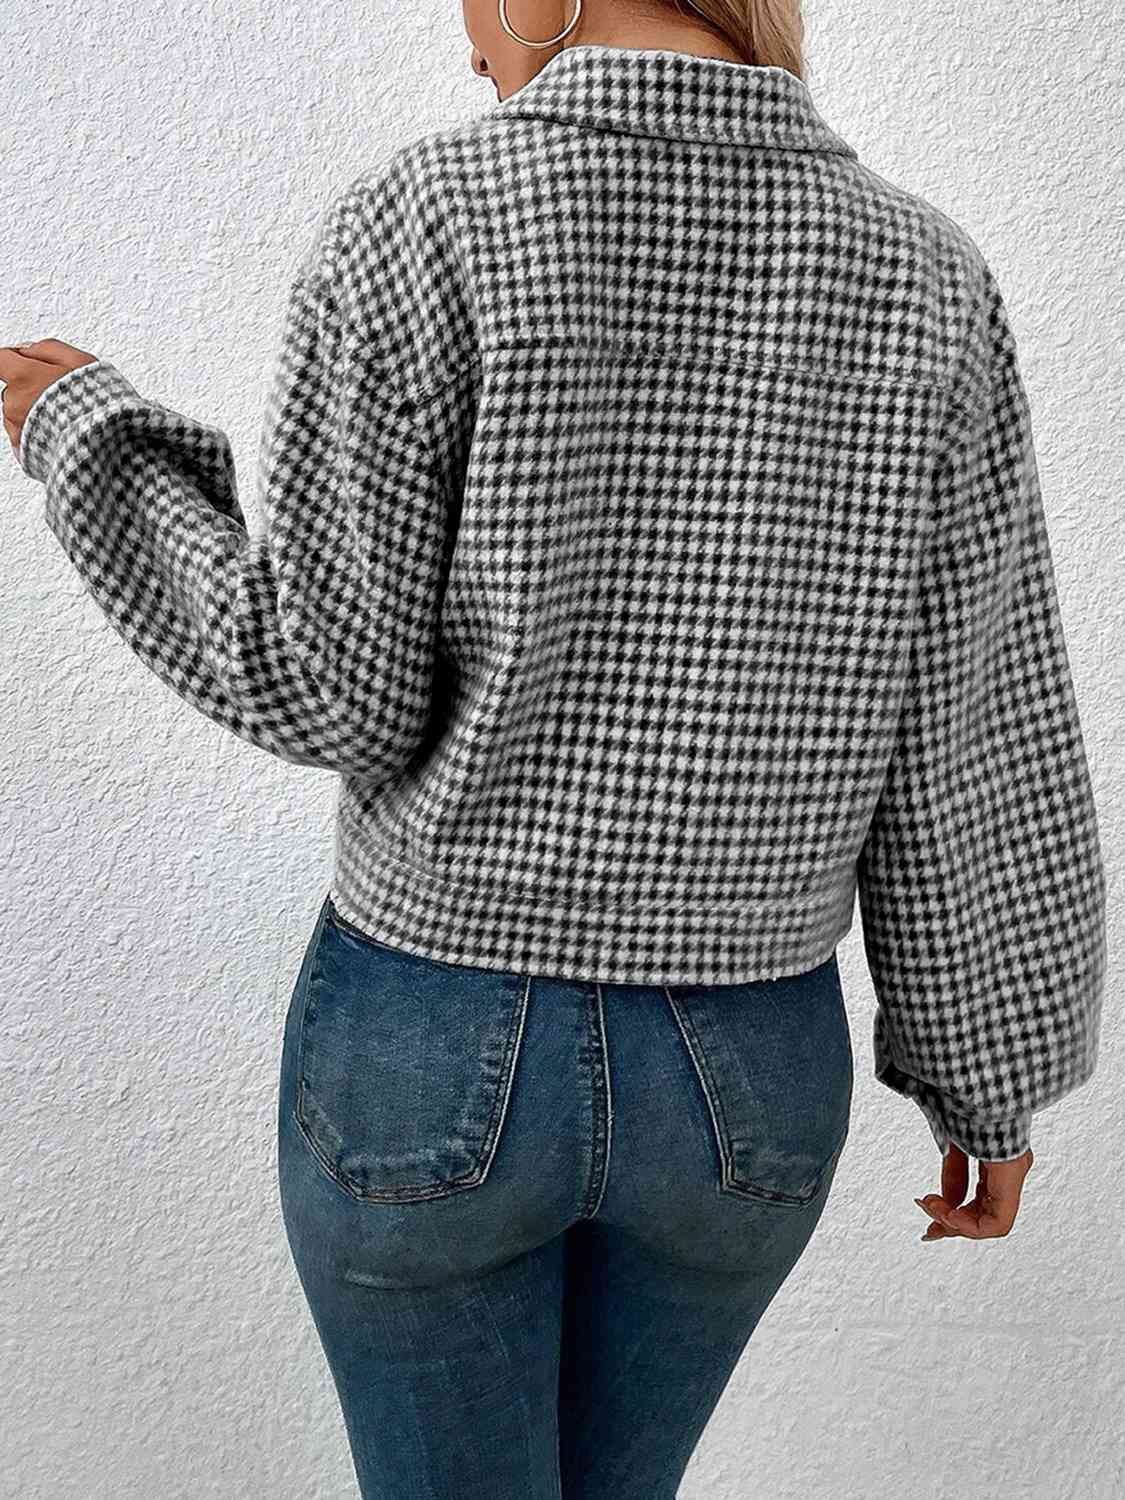 Plaid Print Collared Neck Button Up Jacket
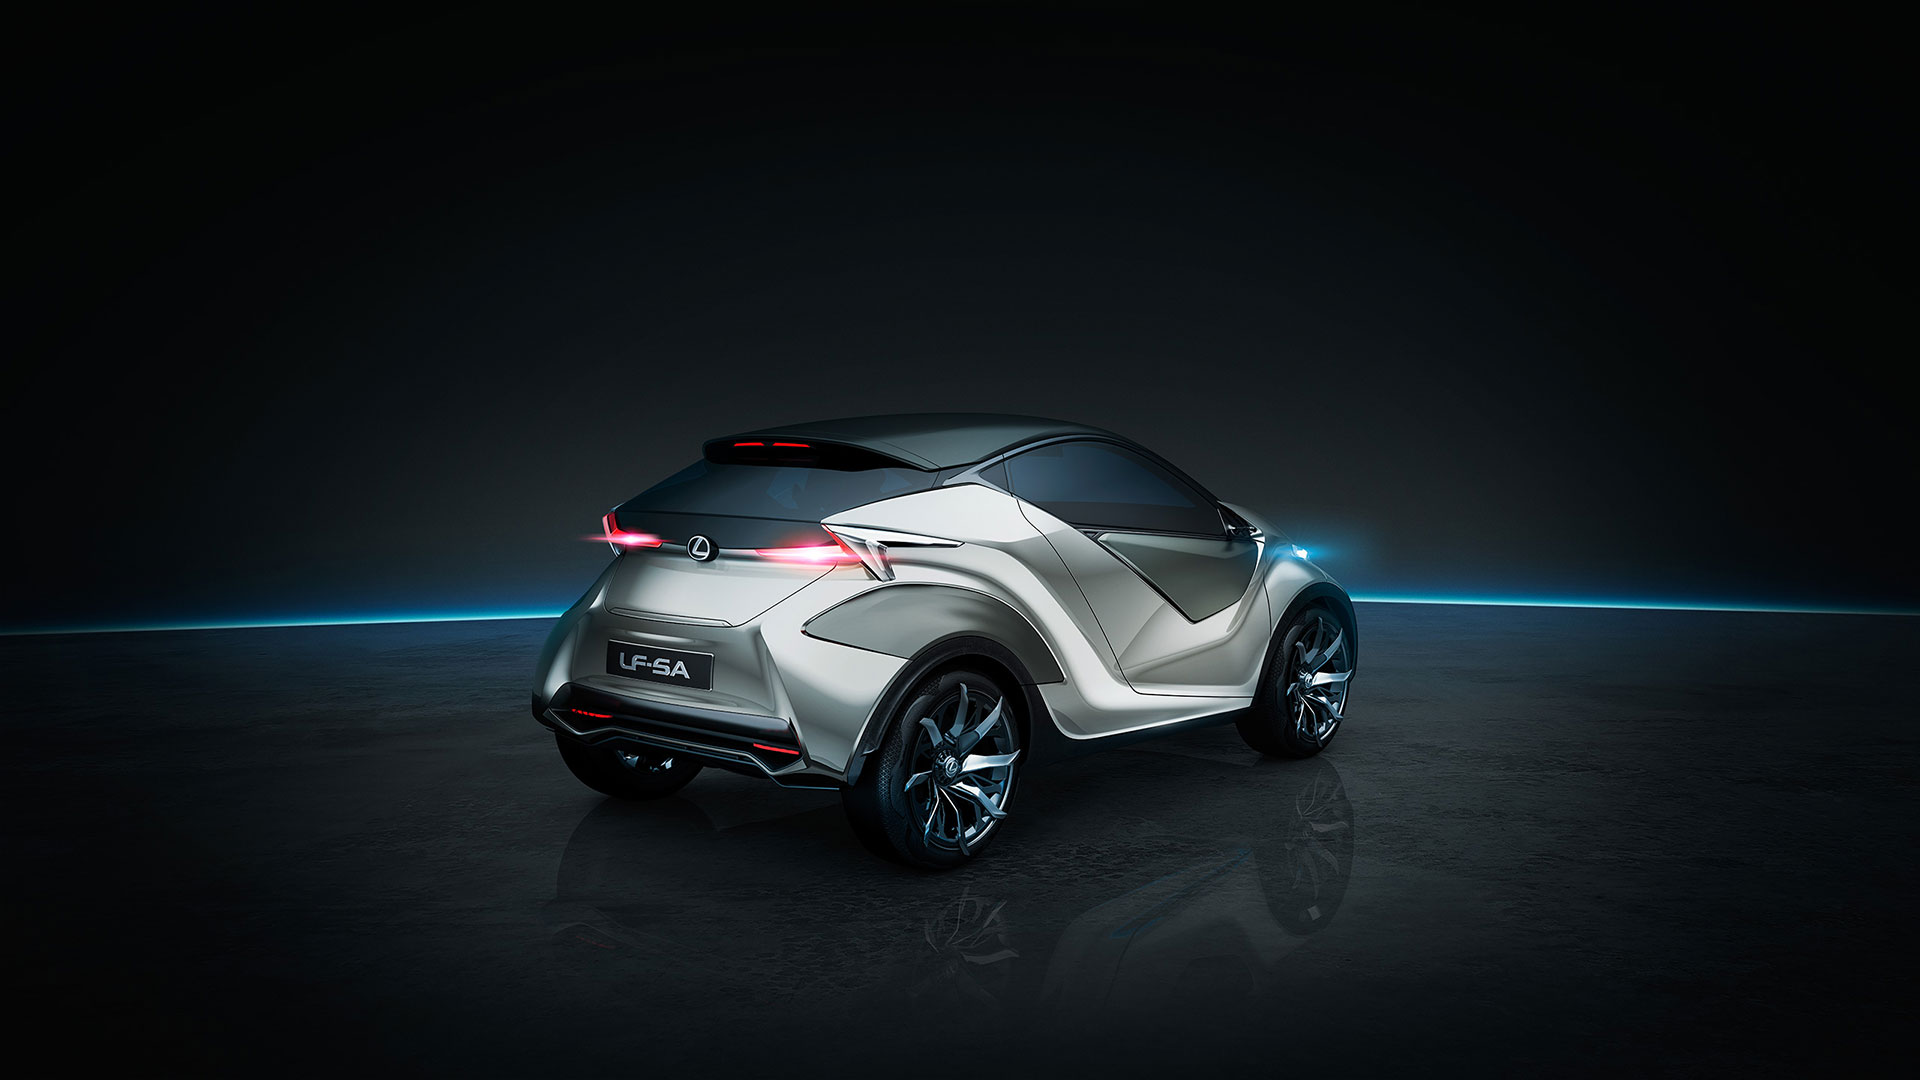 CONCEPT ULTRA-COMPACT
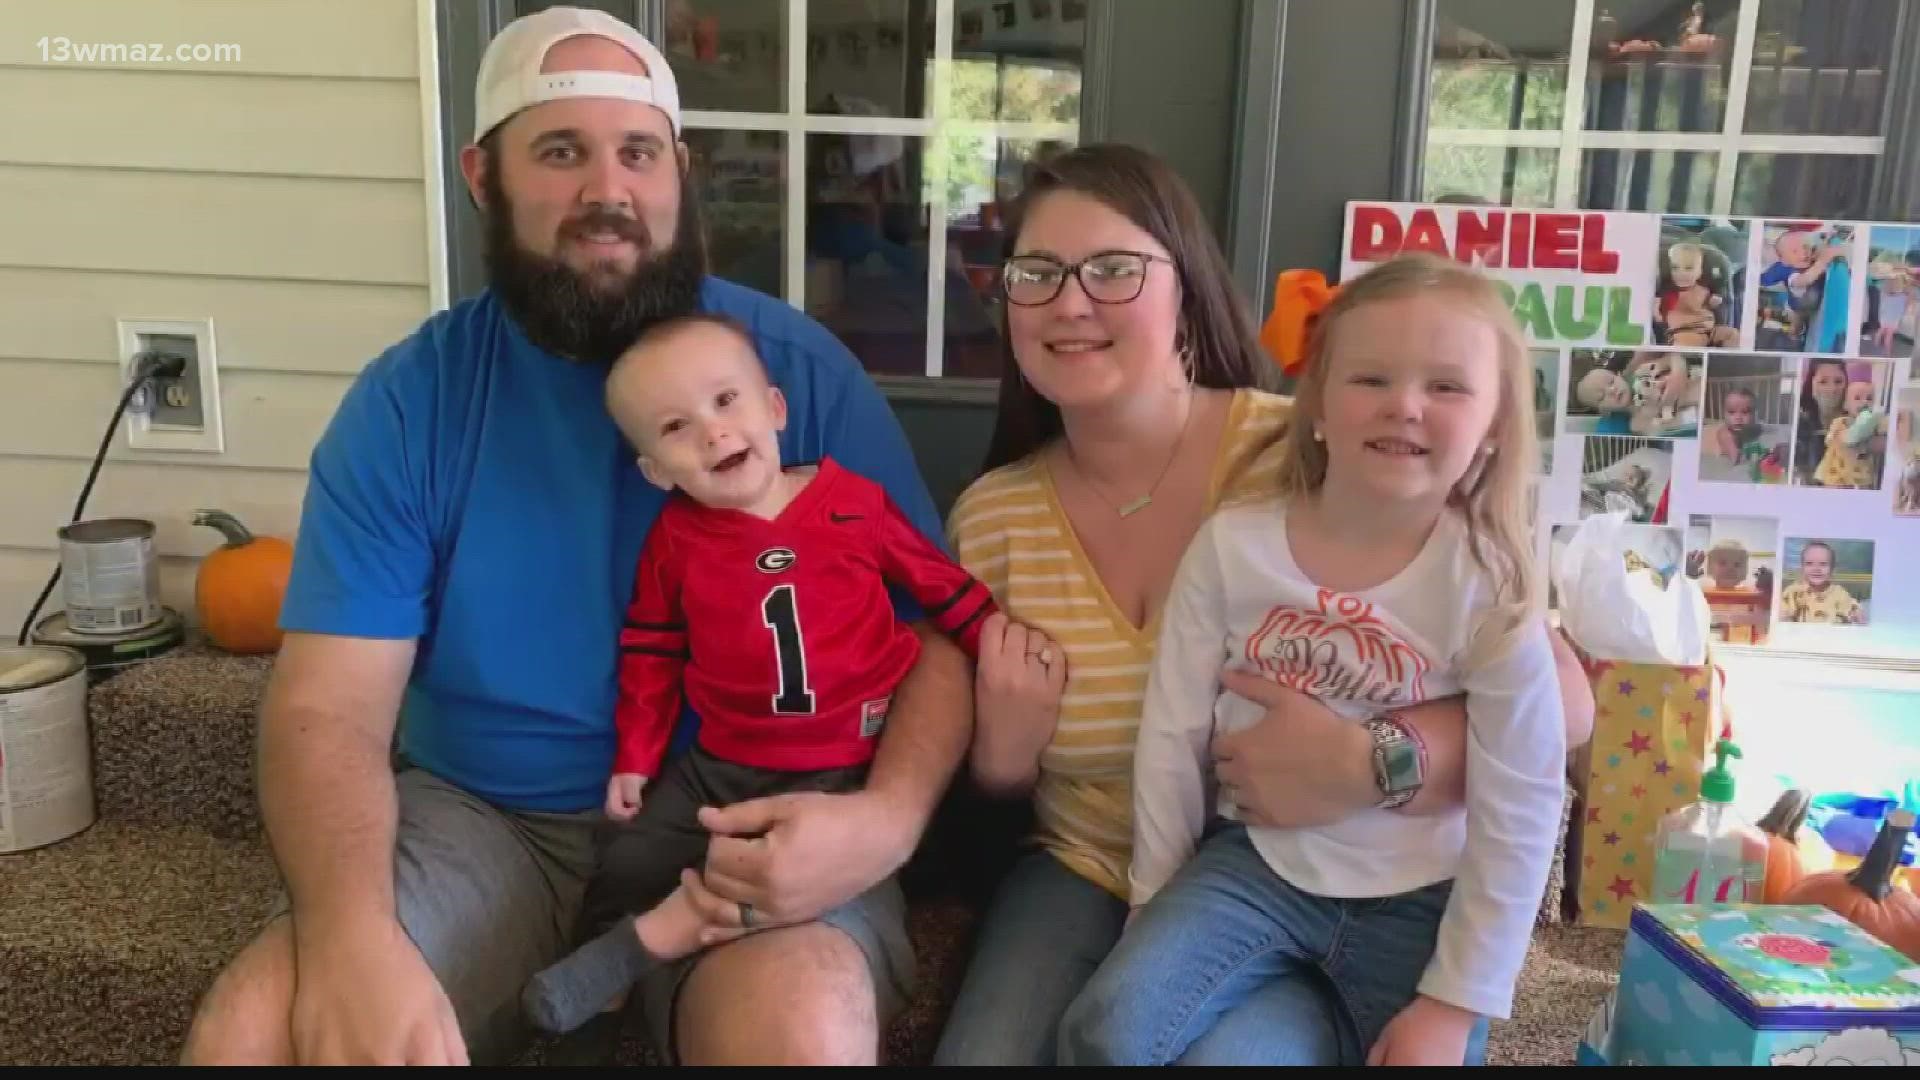 A classic car club needs your help raising money for the medical expenses of a Jones County toddler.
....
■ ACTIVITY ■
Please leave the images out and retype the rest of the material exactly.

■ ANSWER TO THE PROBLEM ■
 Plaid Print Collared Neck Button Up Jacket
 CONCEPT ULTRA-COMPACT
 A classic car club needs your help raising money for the medical expenses of a Jones County toddler.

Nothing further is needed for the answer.